Be careful with store bought grit, especially grit in the pet shops. It can contain a lot of calcium and excess calcium can harm the baby chick's liver. Not that the chick will immediately fall over dead the instant it eats an oyster shell, but over time too much calcium can cause serious problems. Save the extra calcium until they are laying and can use it.
I like to wait until the chicks are 3 or 4 days old to give them grit, simply so they know what their food is. Some of them will still eat a lot of grit but it just passes through their system. As long as they are eating their food too, they will be OK. That farmer's tale about not giving them grit makes sense to me if all they eat is grit, never eating their food. Then they would be starving to death, eating a lot of grit trying to get some nutrition, and impact their crop or gizzard. I've never had that problem, but I guess in theory it could possibly happen.
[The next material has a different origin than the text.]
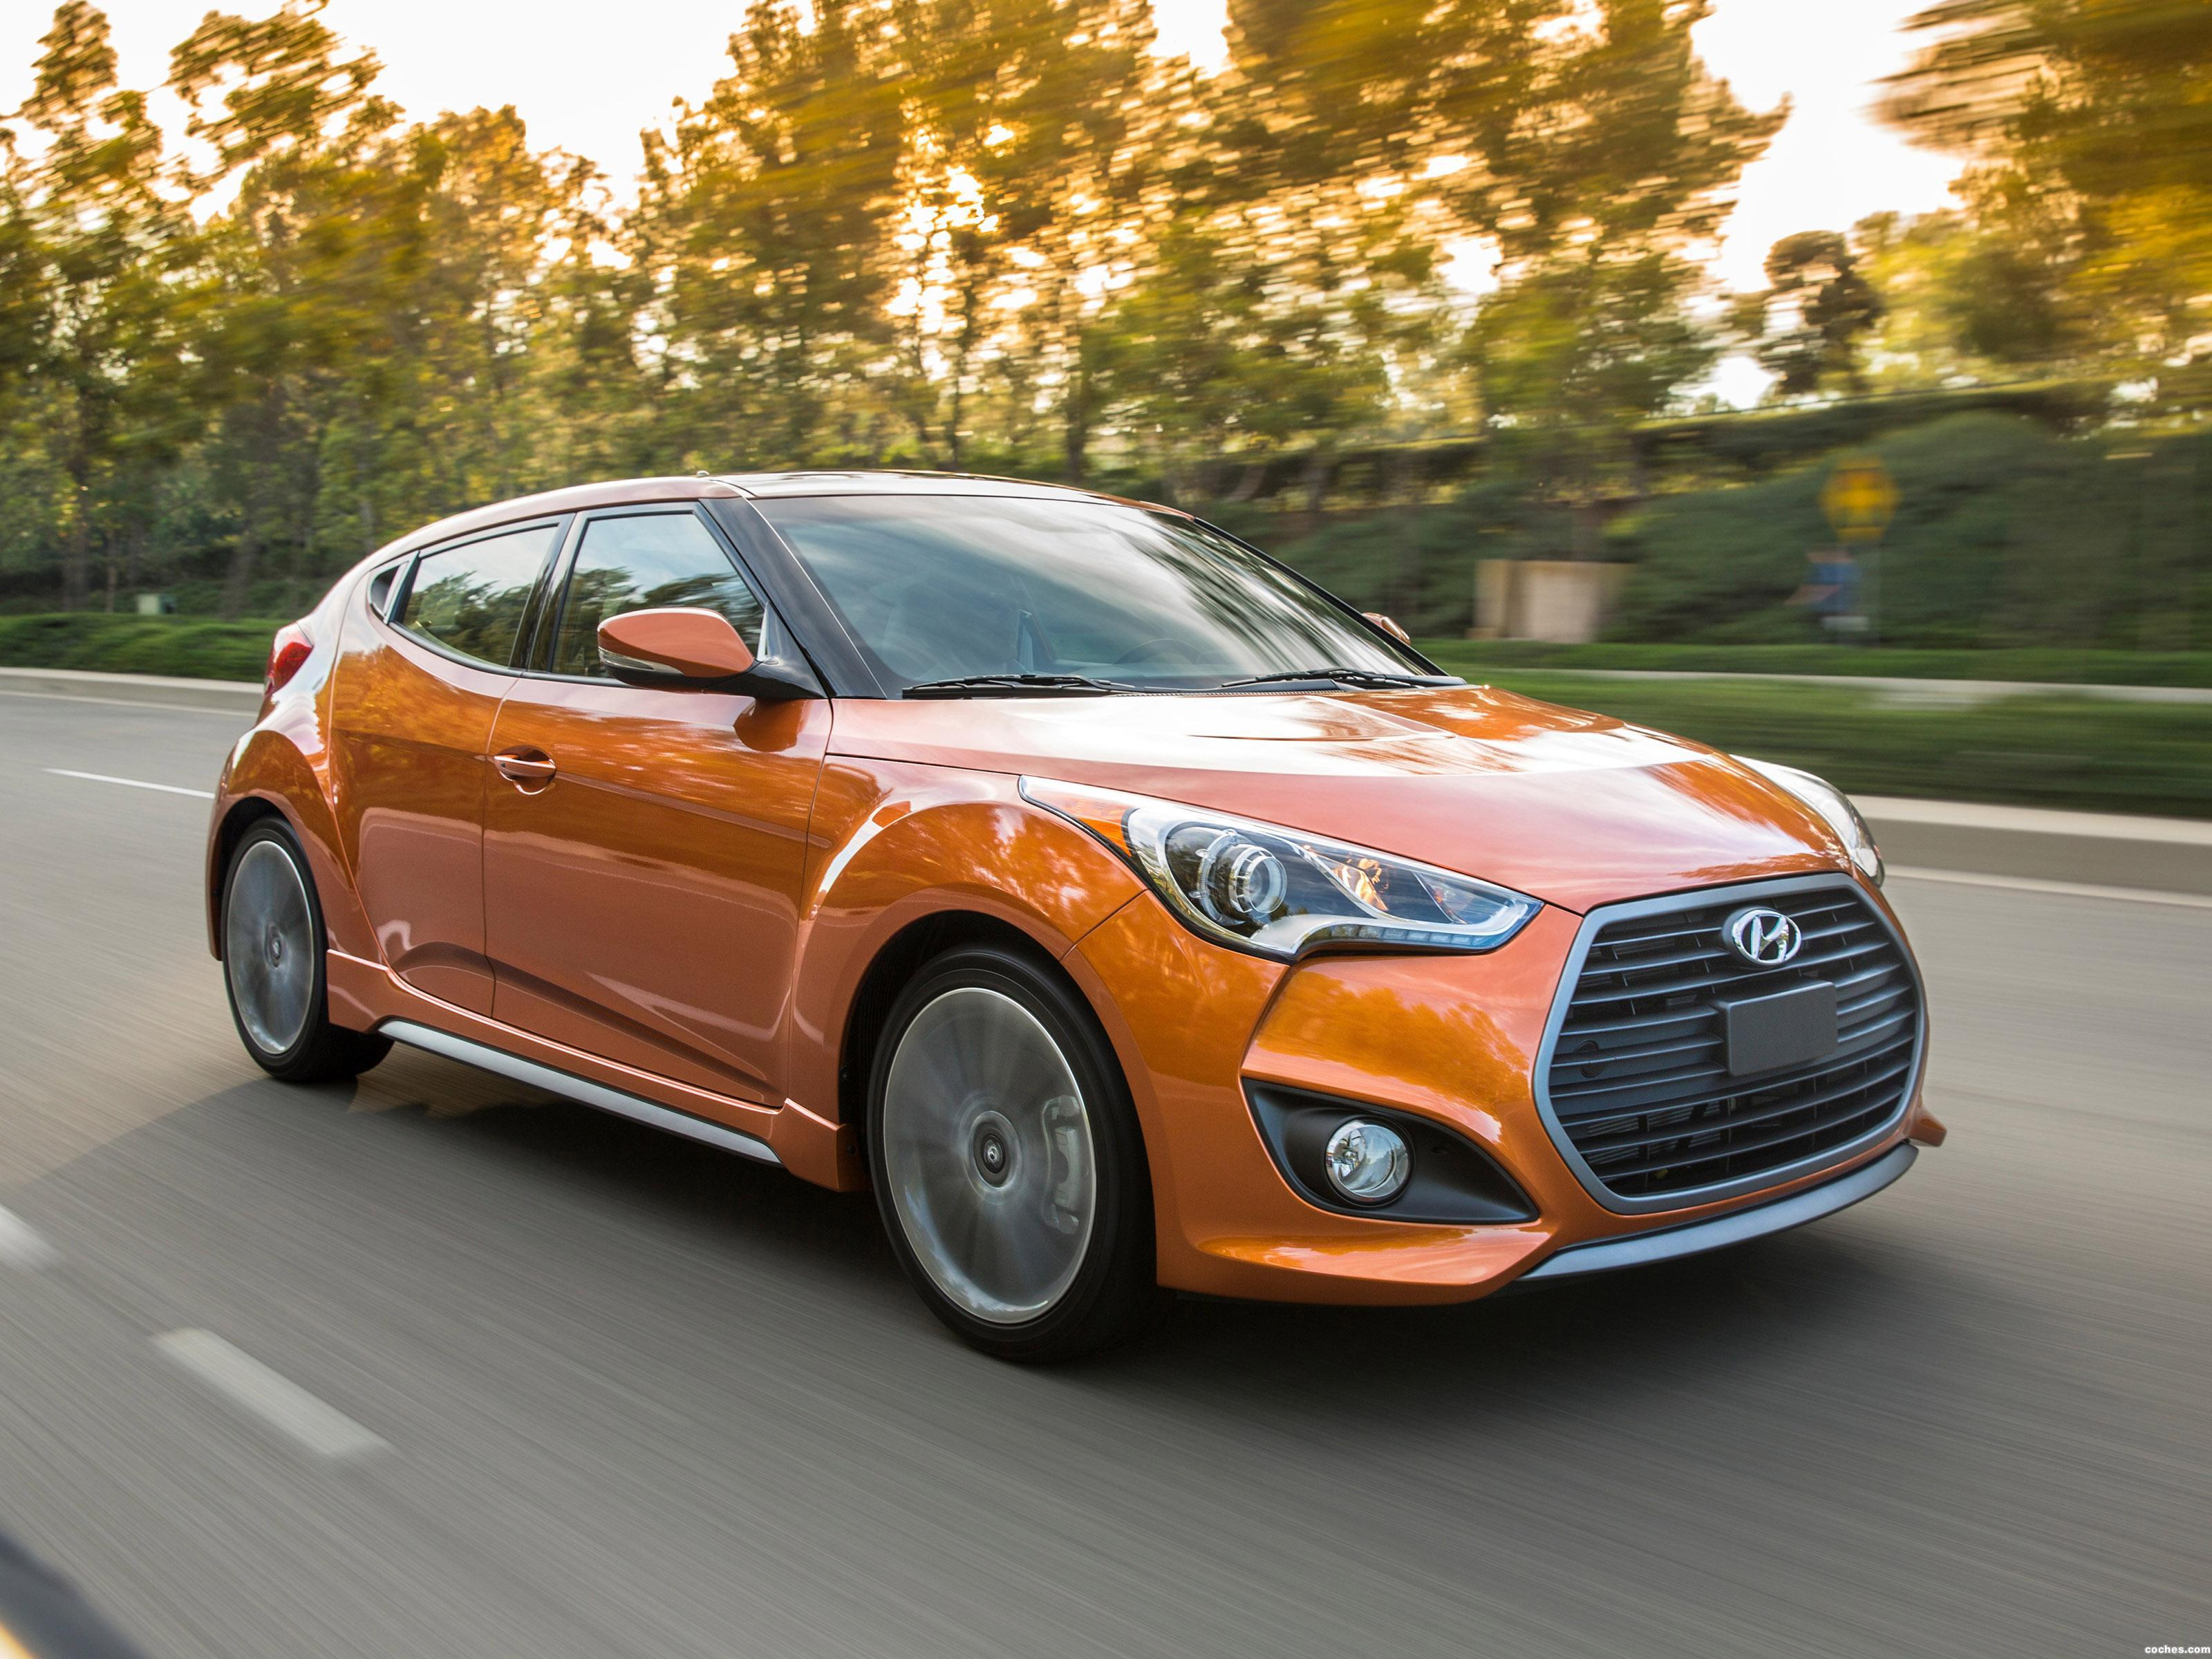 Foto 0 de Hyundai Veloster Turbo USA 2015

I sometimes take fine sand from my gravel road or driveway to give to chicks in the brooder as grit. Sometimes I take dirt from the run where the older chickens are. If your driveway or gravel road is salted for ice and snow, I would not use it since their systems cannot handle the extra salt. I give them dirt from the run so they will get the cocci protazoa that their parents have while they are still young enough to develop an immunity to it.
Coarse sand like construction sand is better than play sand. The angular coarse sand is in bigger pieces and its shape helps it gring their food up better in the gizzard. The play sand will work, but they have to go through a lot more of it. Adult chickens can use pieces of gravel up to the size of a pea, but they also use smaller sized pieces along with it. If you cut open the gizzard when you process a chicken, you will find a few larger pieces of grit and quite a bit of sand sized pieces. If all they have is fine sand or dirt, they will use that, but they have to go through a lot more of it. Baby chicks cannot handle grit the size of peas. They need smaller pieces, like in construction sand. But they grow fast and can soon use larger and larger pieces.